Note: This document is considered a living document and will evolve as the community guides the development of the effort moving forward. The initial content is based heavily around the Java agent and scope will later grow to increase other agents.
Given the commonalities between the MiNiFi effort and that of NiFi, a similar structure will be provided for the Java version, as a Maven project, comprised of:
Guiding Points of Design
- Installation, provision, and establishing of agents
- Upgrading agents, inclusive of both functionality in terms of flow/processing, and the agent binary and associated libraries
- Tolerance for asynchronous and optimistic upgrades
- Realization of agent capabilities
- Possible taxonomy of agents and functionalities that may be driven by available software and hardware
- Mediating different agent versions
- Observation of status
- Provenance Generation and Transmission to some endpoint store Considerations for supporting replay and buffering of data
- Prioritization of Data with Back Pressure and Pressure Release
- Supported Operating Systems and the requirements levied:
- Linux, and
- Networking and communication protocols
- Traversal of non-direct network hops and relay functionality
- Traversal of non-direct network hops and relay functionality
- Manager provides a consistent user experience for agent groups as it does processors
Guidelines for MiNiFi C++
The following guidelines represent a list of guidelines that may be useful for MiNiFI C++ development and design. These stem from the environments which
are potential targets. Their basis stems from typical C++ development practices and design goals that lend toward maximizing development efforts.
- Minimize Memory footprint and management of memory within modules.
- Limit data and access patterns that are deemed risky
- Limit failure with testing at all stages; however, when testing occurs we should aim for recoverability.
- We should follow the open/closed principle to avoid churn and support changes as they occur.
- Try to be a good cog – Problems will occur on devices and thus we can’t trust anything, even a malloc
- Executable that is command line driven
- Installable as a service
- Establishes a two process mechanism similar to that of existing NiFi:
- Bootstrap Process: controls the instantiation and execution of the flow process and aids in receiving configuration changes (products of design and deploy approach)
- Flow Process: handles the actual collection and transmission of data
- Makes use of a configured state to drive the process of starting a flow, this should be extensible to allow various implementations of inputs
Agents will have a defined taxonomy and capabilities associated with them. These properties will aid in the agent being able to communicate what items are possible and aid flow designers in the process of creating flows for various agent classes. Said capabilities will be communicated with a manager for the sake of understanding what is possible with various agents. Capabilities and capacities may change over time and this information will be continually registered with associated systems
Longer term, agents should be able to convey their capabilities as a result of items such as environment, version of software, networking, and hardware for establishing configuration of flow and collected data from a manager perspective.
Configuration - Bootstrap Agent Executable
Primarily handles the bootstrapping of the process and the configuration of the JVM which is monitoring and controlling the flow process.
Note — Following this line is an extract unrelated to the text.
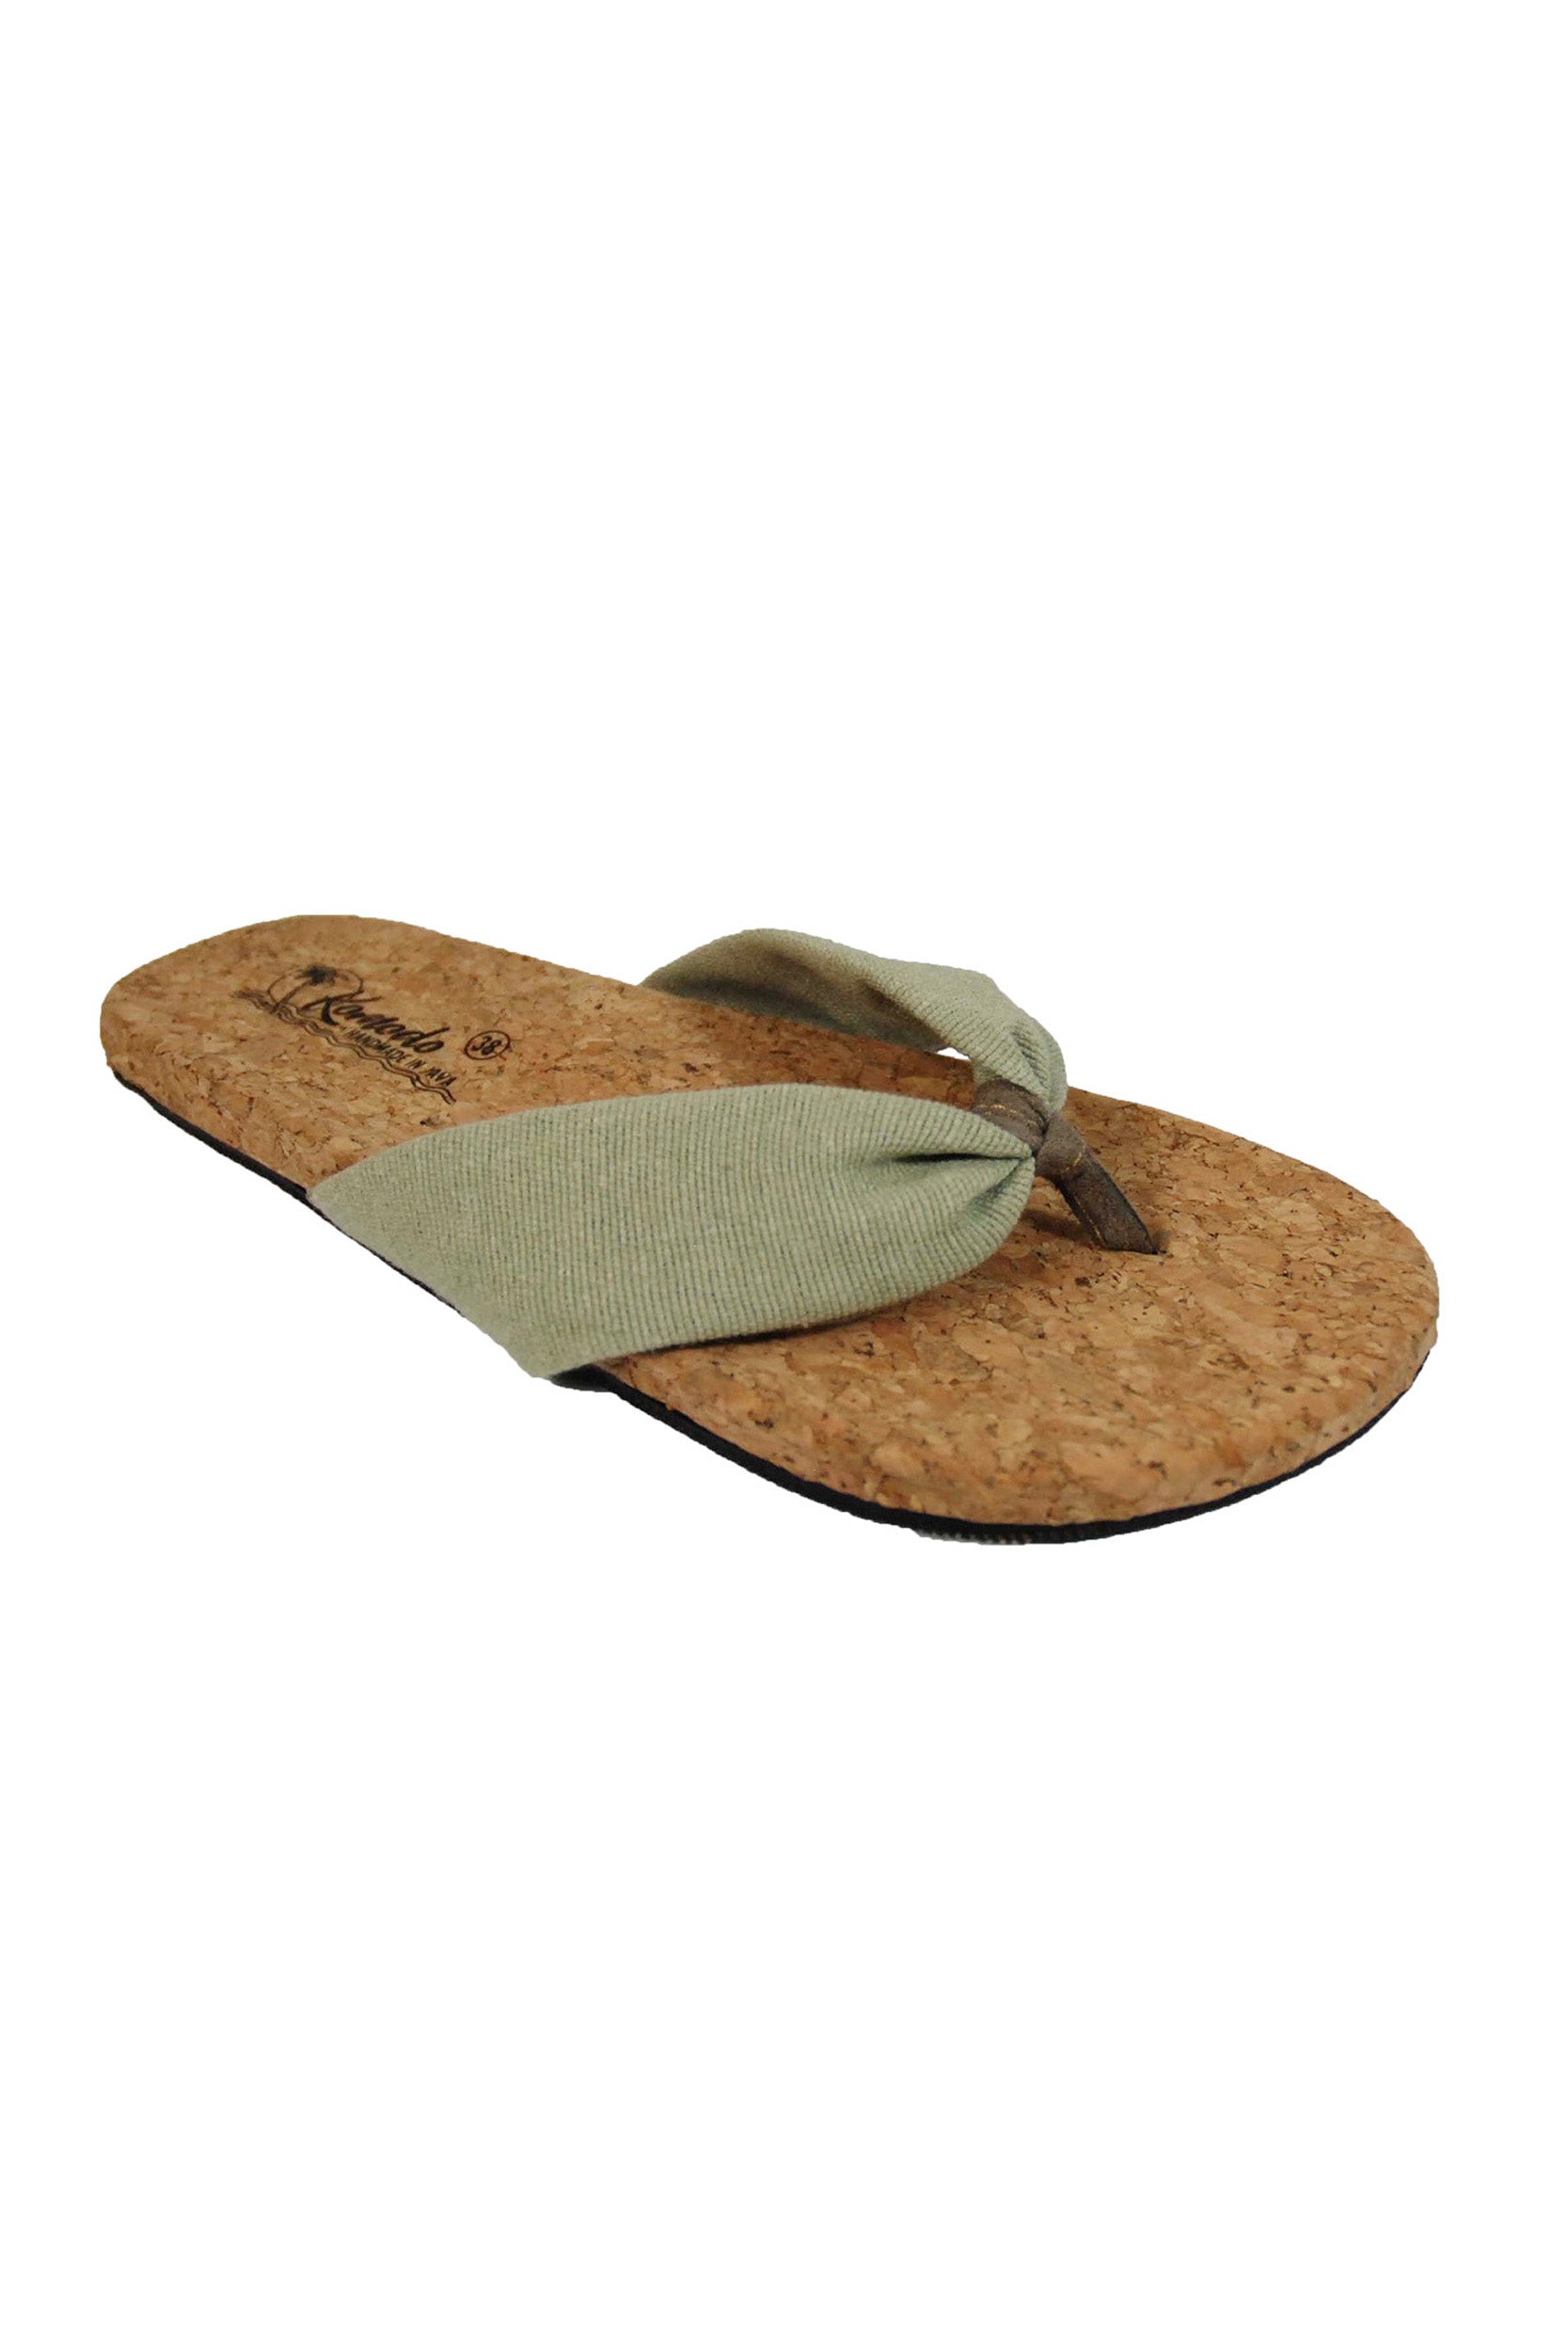 CUPID Thong Flip Flop - Stone

This will receive configuration changes and affect the associated flow process to provide these updates.
- ConfigurationChangeListener - Provides the handling of updates to the agent from an external source
- In the simplest case, this would be evaluating changes to a configuration file
Configuration - Processing Flow
- Design and Deploy driven where the associated flow is provided via the bootstrap process
The FlowFile format has been the core serialization format of NiFi and provides structure that allow for ease of files traversing a given flow and exploit pass by reference semantics in routing operations. Of interest is the handling of information with the core FlowFile format as metadata is transmitted from the agent to a receiving node/system. This may be out of band or as an augmentation to the FlowFIle format.
Provides a means for introducing data into the system and currently maps data to existing processors in the system. Given the desire to make use of existing libraries and functionalities when developing the initial agent offering, focus will be provided to the core use cases, mapping to existing processors, this would be comprised of:
- Files (Tail, Get)
- Logs (Listed Syslog, UDP
Egress is viewed as high level terminology for getting data from an agent to an associated system. The complexity and needs for this functionality may vary across environments and may have complex networking schemes required
Communication and Protocols
For the existing proof of concept and for establishing an agent to make larger architectural decisions, the Java agent can make use of the existing Site to Site protocol and functionality to communicate with an endpoint system.
A lightweight process, capable of being constructed for acquiring information from a host system(s) and providing this information to another system for consumption. This process provides provenance, a directed graph of processing, and extensibility to map to various data formats, schemas, and protocols.
Functionality that a given agent is able to perform. In some contexts, this may be communicating with specific devices, handling a certain nature or complexity of data, compute power, or serving specific roles in the data ingress/egress process from generation to consumer
An aggregation of one or more capabilities that allows specific agents to carry out a given processing graph. For example, a high-level view of a "File Forwarder" class would require the capability to both interact with the file system to get files and additionally have one or more egress methods to return information to a desired consumer
A generic term for providing information from an agent to one or more consumers. In simplest form, this is a direct line through networking to send data to a desired target. In more complex environments, this may require an n-hop network relying on several other agents to relay the data throughout the network traversal.